Punctuation markRisk level in OETMost common error
CommaHighComma splice (joining two sentences with a comma instead of a full stop)
ApostropheHighIncorrect possessive (patient’s vs patients’), its/it’s confusion
ColonLowOveruse in lists — often better to write a sentence instead
SemicolonLowUsed where a full stop is cleaner — examiners often mark this as unnecessary
Full stopLowMissing at the end of a paragraph when the last sentence is long

Commas — the highest-risk punctuation mark

The comma splice

A comma splice joins two independent clauses with a comma. It is the most common punctuation error in OET letters and the one most likely to appear multiple times in the same letter.

Comma splice: The patient was reviewed in the emergency department, she was commenced on IV fluids.
Correct: The patient was reviewed in the emergency department. She was commenced on IV fluids.
Also correct: The patient was reviewed in the emergency department and commenced on IV fluids.

After introductory phrases

A comma after an introductory phrase is required in formal English and missed often in OET letters.

Missing comma: Following her recent admission Ms Ali was reviewed by the cardiology team.
Correct: Following her recent admission, Ms Ali was reviewed by the cardiology team.

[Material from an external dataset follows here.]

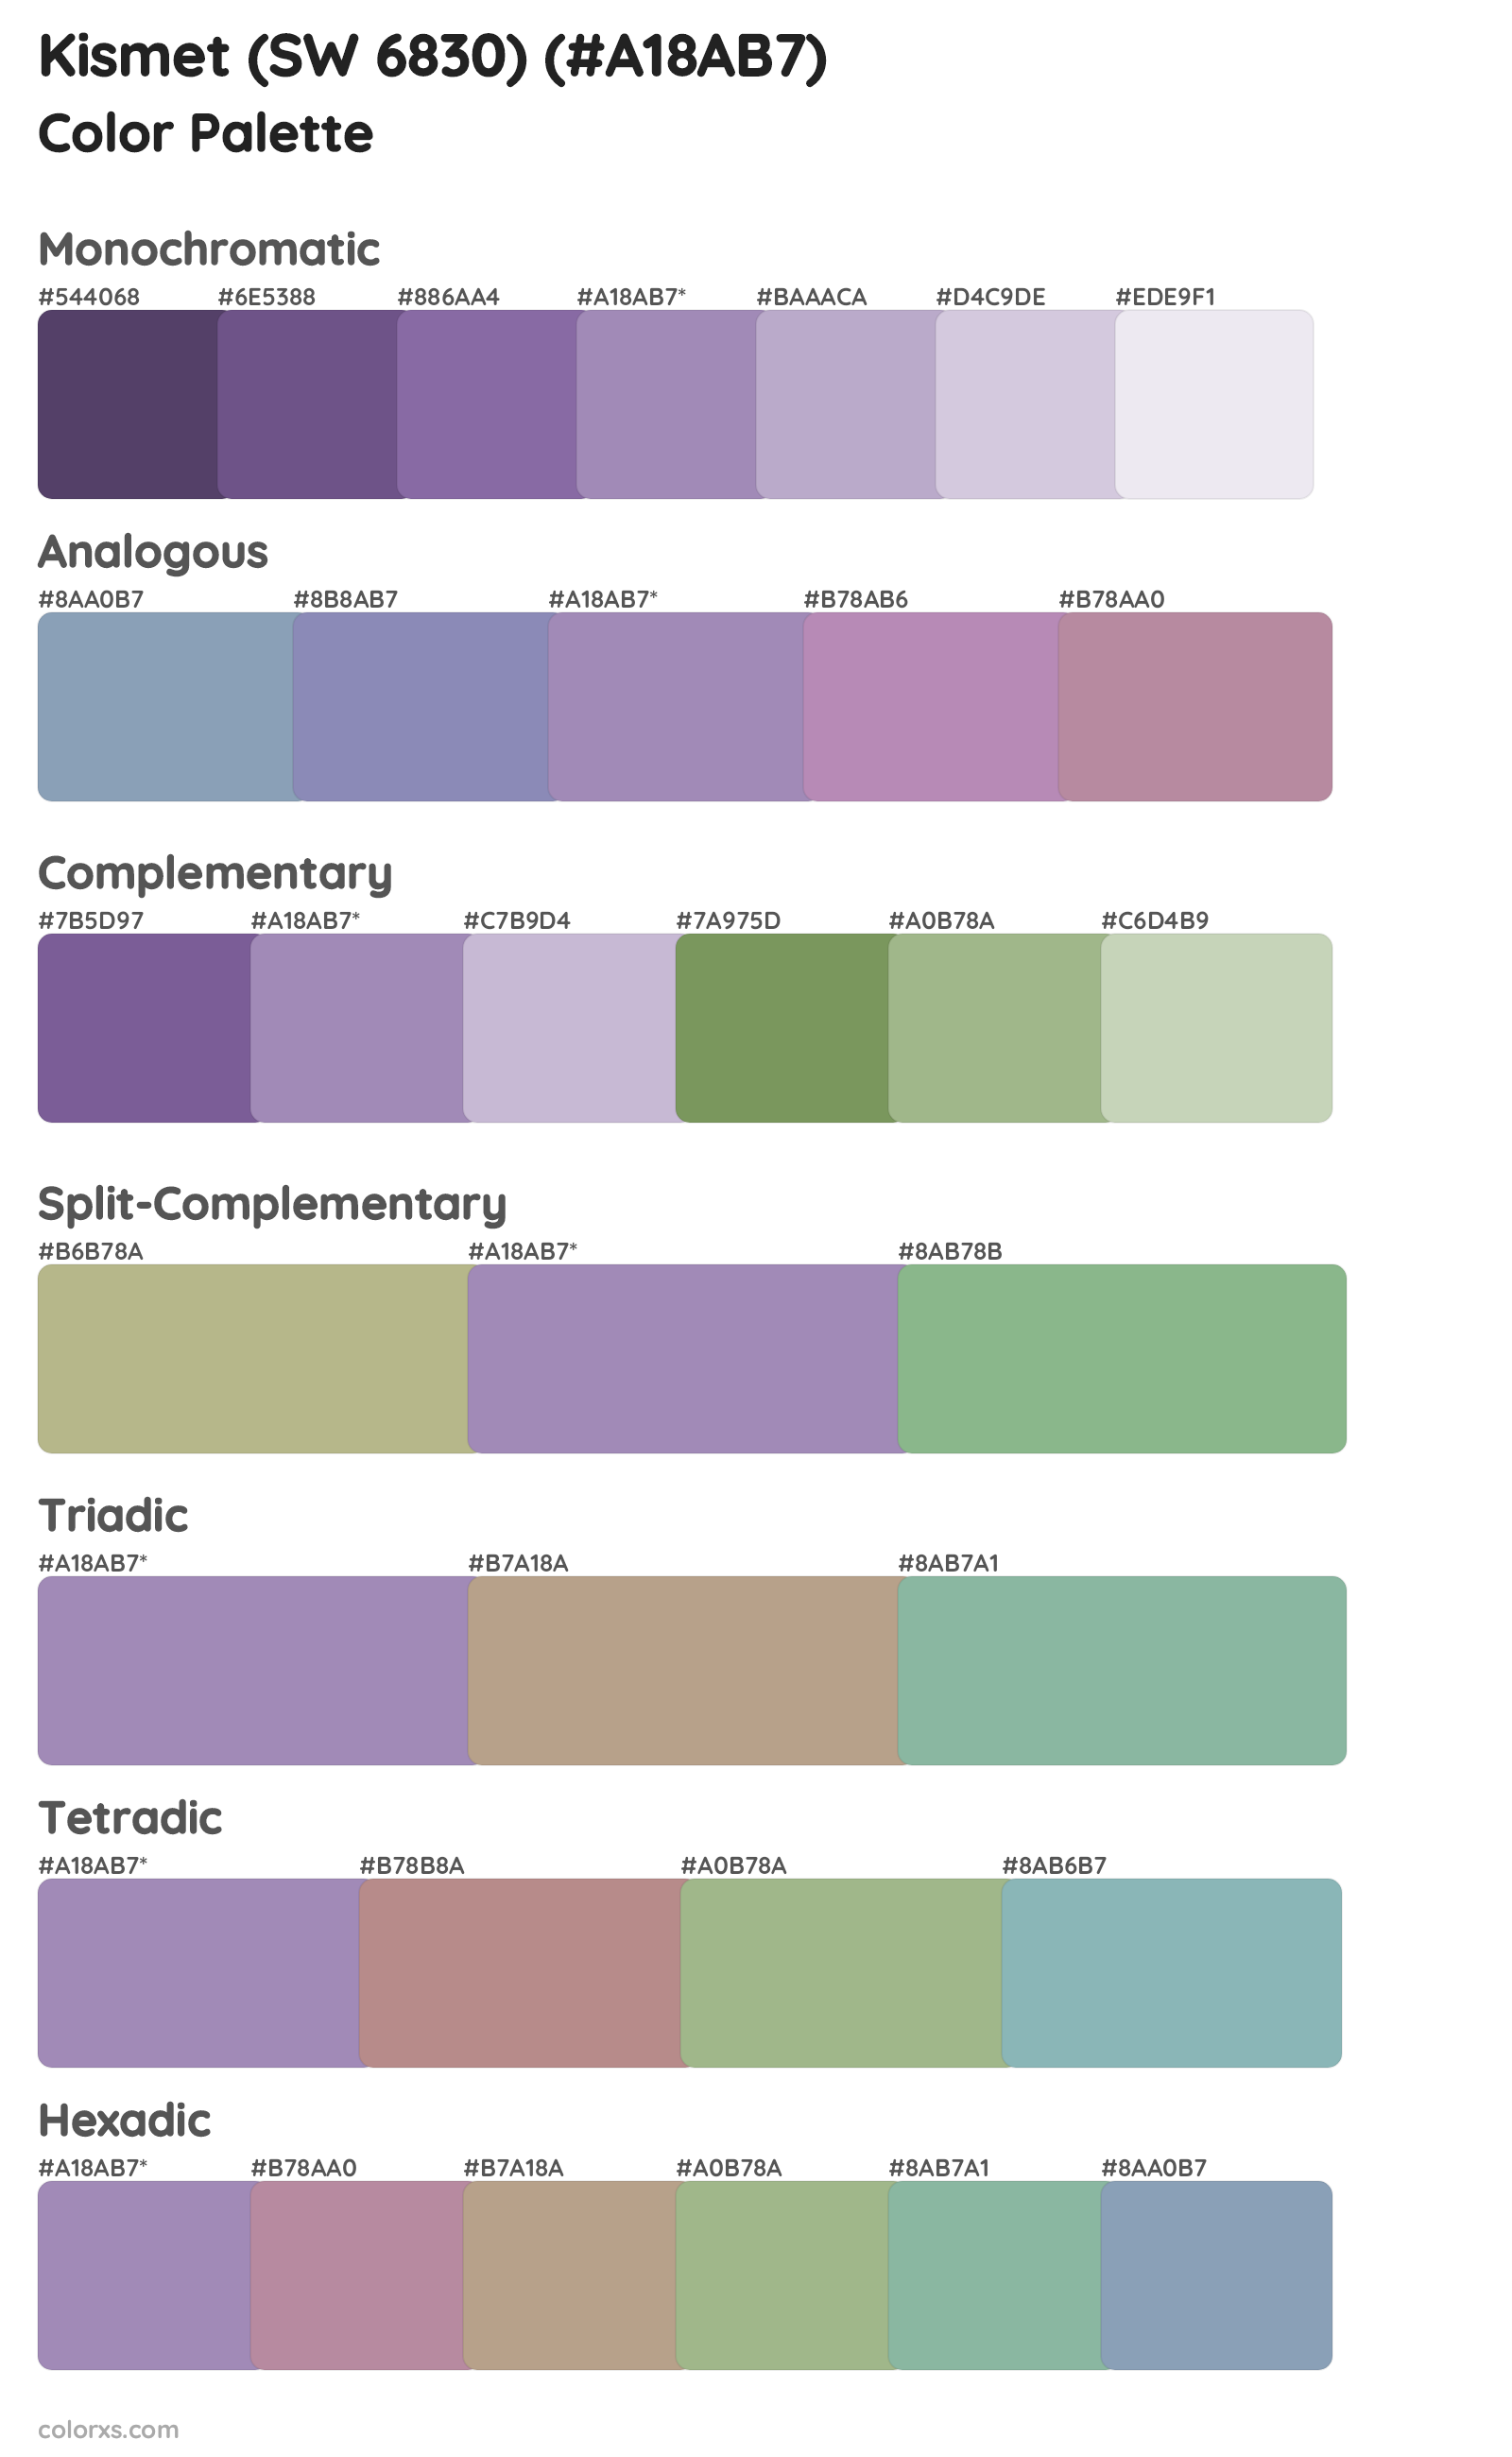 Kismet (SW 6830) Color Scheme Palettes

Apostrophes in clinical context

Possessives

Singular noun: the patient’s blood pressure, Dr Ahmed’s referral
Plural noun ending in -s: the patients’ records, the nurses’ station
Irregular plural: the children’s ward, the women’s health clinic (apostrophe before the s when the plural does not end in s)

Its vs it’s

This error appears in OET letters when describing symptoms or medication effects: “The medication’s side effect and it’s impact on the patient.” Correct: “its impact” — no apostrophe. “It’s” only means “it is”. If you can substitute “it is” and the sentence still makes sense, use the apostrophe.

Clinical punctuation conventions

These differ from standard grammar textbook rules and are what the OET examiner — typically trained in Australian or UK clinical English — expects:

  • Abbreviations: no full stops — Mr, Dr, mL, mg, ECG, IV, BD, TDS
  • Drug names: lower-case in running text — metformin, not Metformin
  • Diagnoses: lower-case unless proper noun — hypertension, type 2 diabetes; but Parkinson’s disease, Crohn’s disease
  • Ranges: en-dash without spaces — 120–80 mmHg, not 120-80 or 120 – 80

Proofreading punctuation under time pressure

During your 4-minute proofreading routine, make one pass specifically for apostrophes and one for full stops at clause boundaries. These two cover the highest-risk marks. If time runs out before you reach semicolons and colons, the risk to your Language band is minimal — those are low-frequency errors.

To see exactly which punctuation marks are affecting your Language band, submit a letter to the Grammar Checker or send it for full professional marking with written feedback per criterion.

Frequently asked questions

Common questions on this topic — full answers below.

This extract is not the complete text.